Supplied information -
=== Begin Enclosure ===
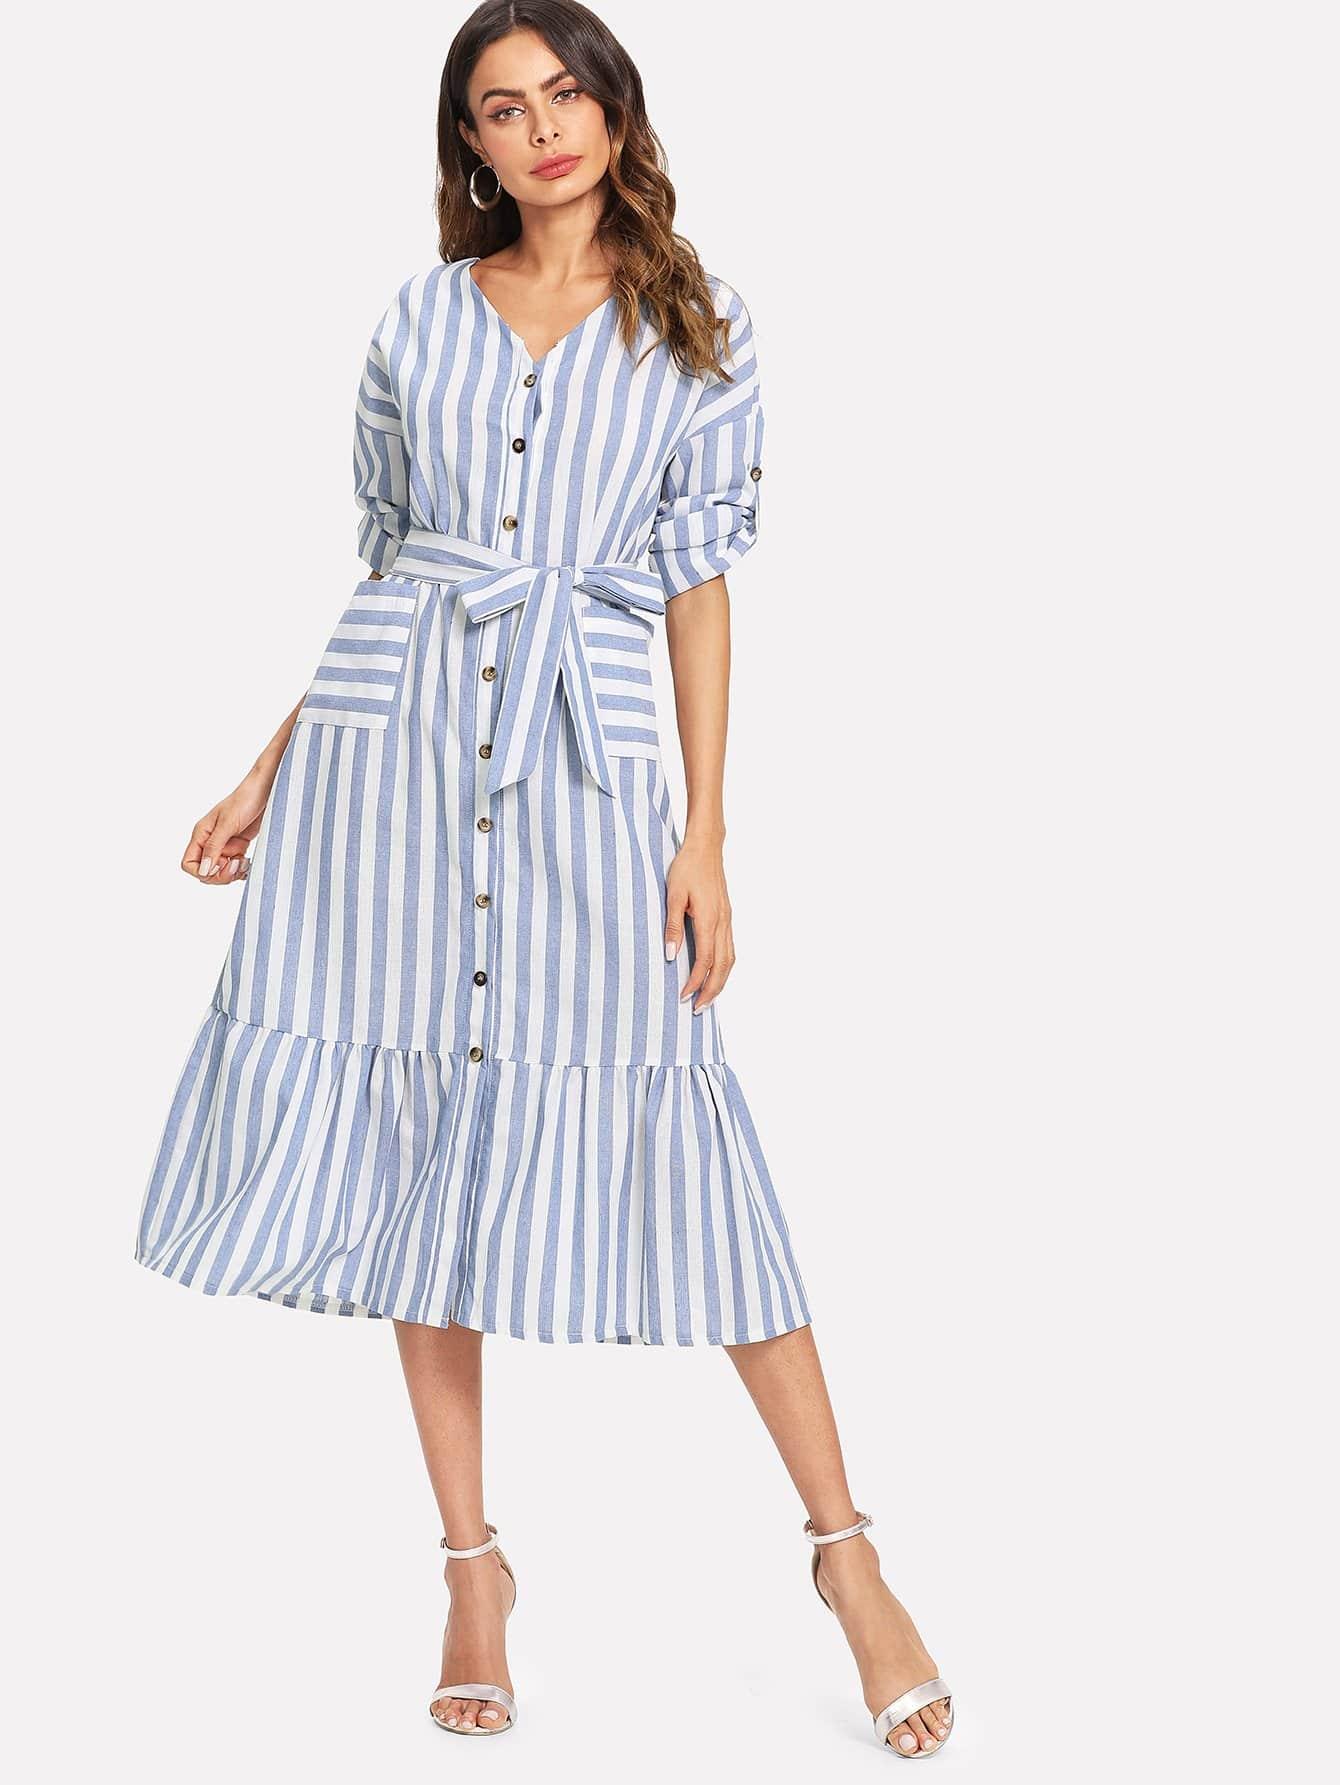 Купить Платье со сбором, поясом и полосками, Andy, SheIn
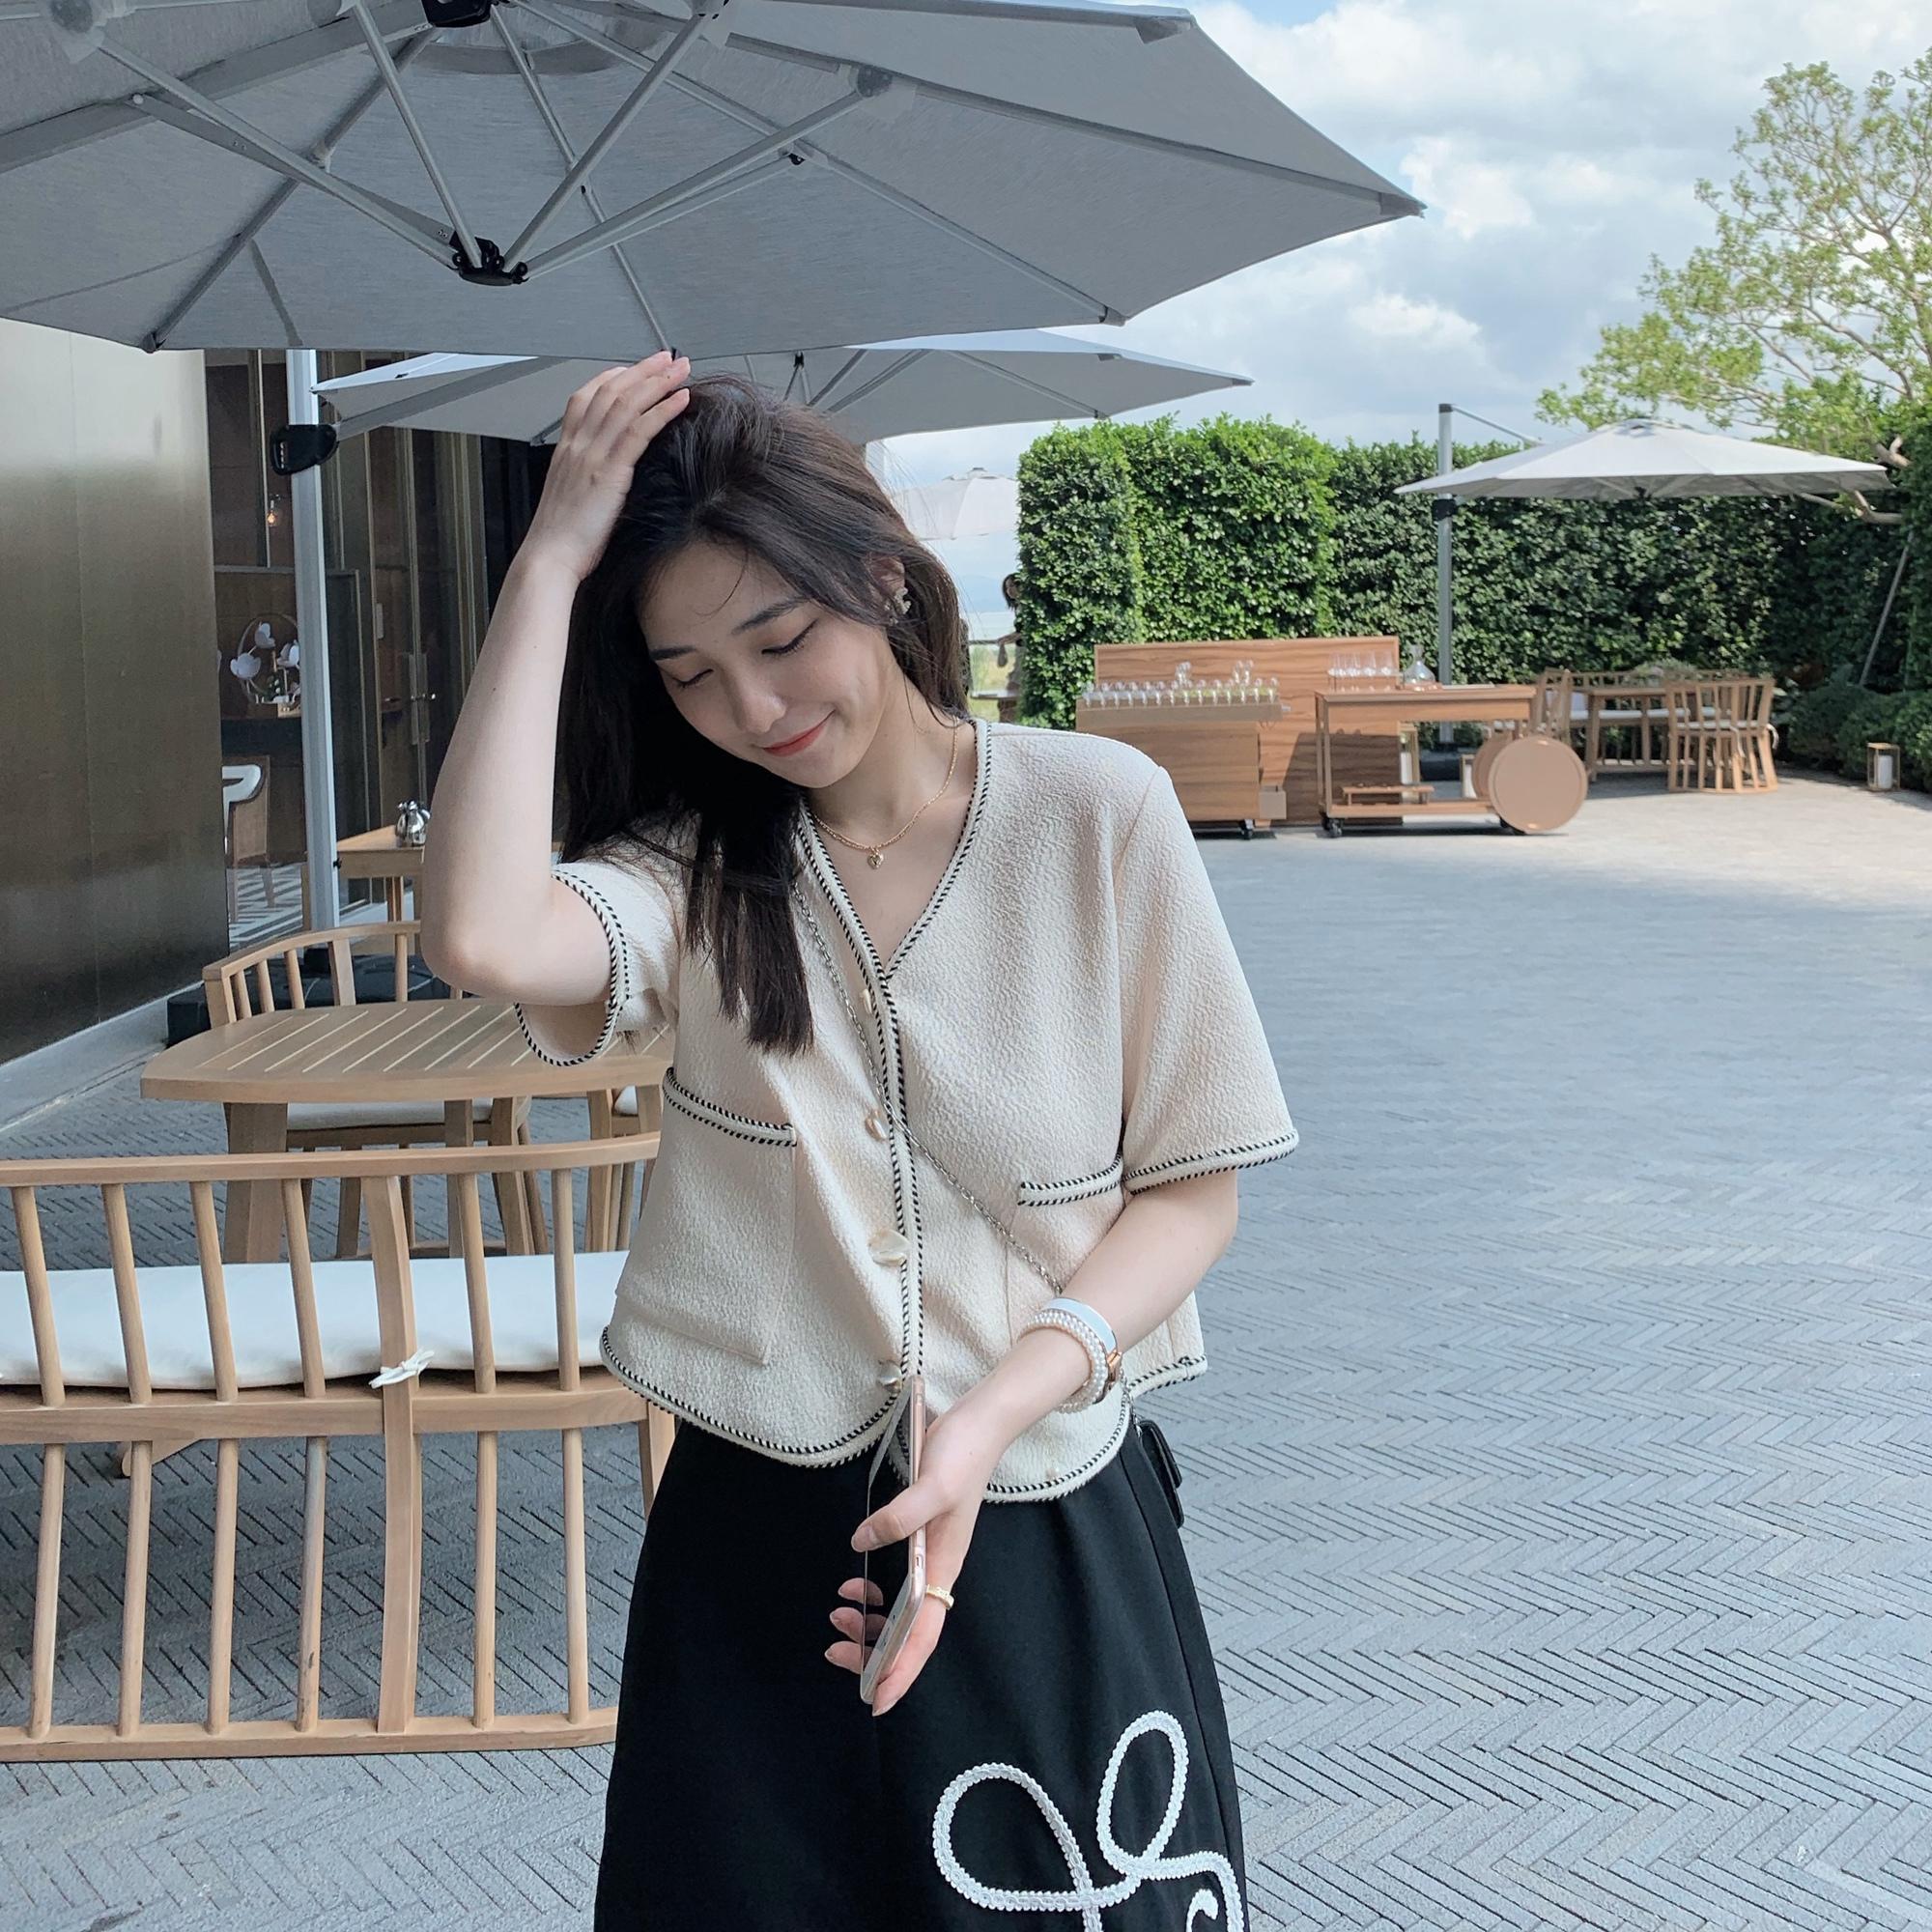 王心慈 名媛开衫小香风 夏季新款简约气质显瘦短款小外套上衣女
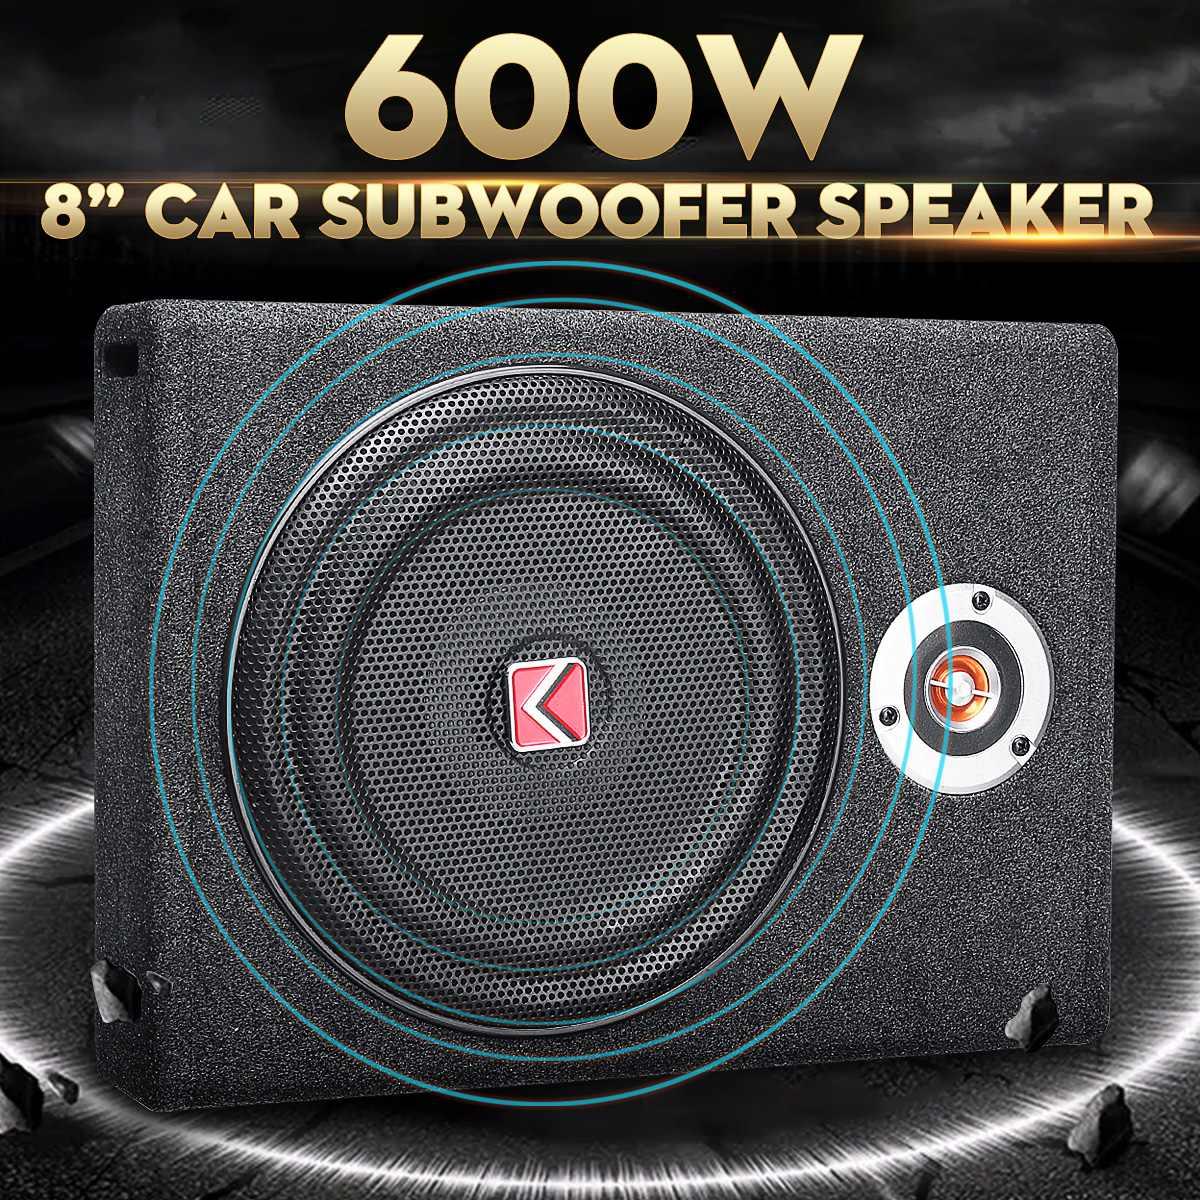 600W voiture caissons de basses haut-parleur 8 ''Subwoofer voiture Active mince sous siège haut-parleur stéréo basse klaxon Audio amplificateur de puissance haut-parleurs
=== End Enclosure ===
Exercise objective - Would you retype all the lines shown above, exactly as written and without any picture?

Expected answer -
 Купить Платье со сбором, поясом и полосками, Andy, SheIn
 王心慈 名媛开衫小香风 夏季新款简约气质显瘦短款小外套上衣女
 600W voiture caissons de basses haut-parleur 8 ''Subwoofer voiture Active mince sous siège haut-parleur stéréo basse klaxon Audio amplificateur de puissance haut-parleurs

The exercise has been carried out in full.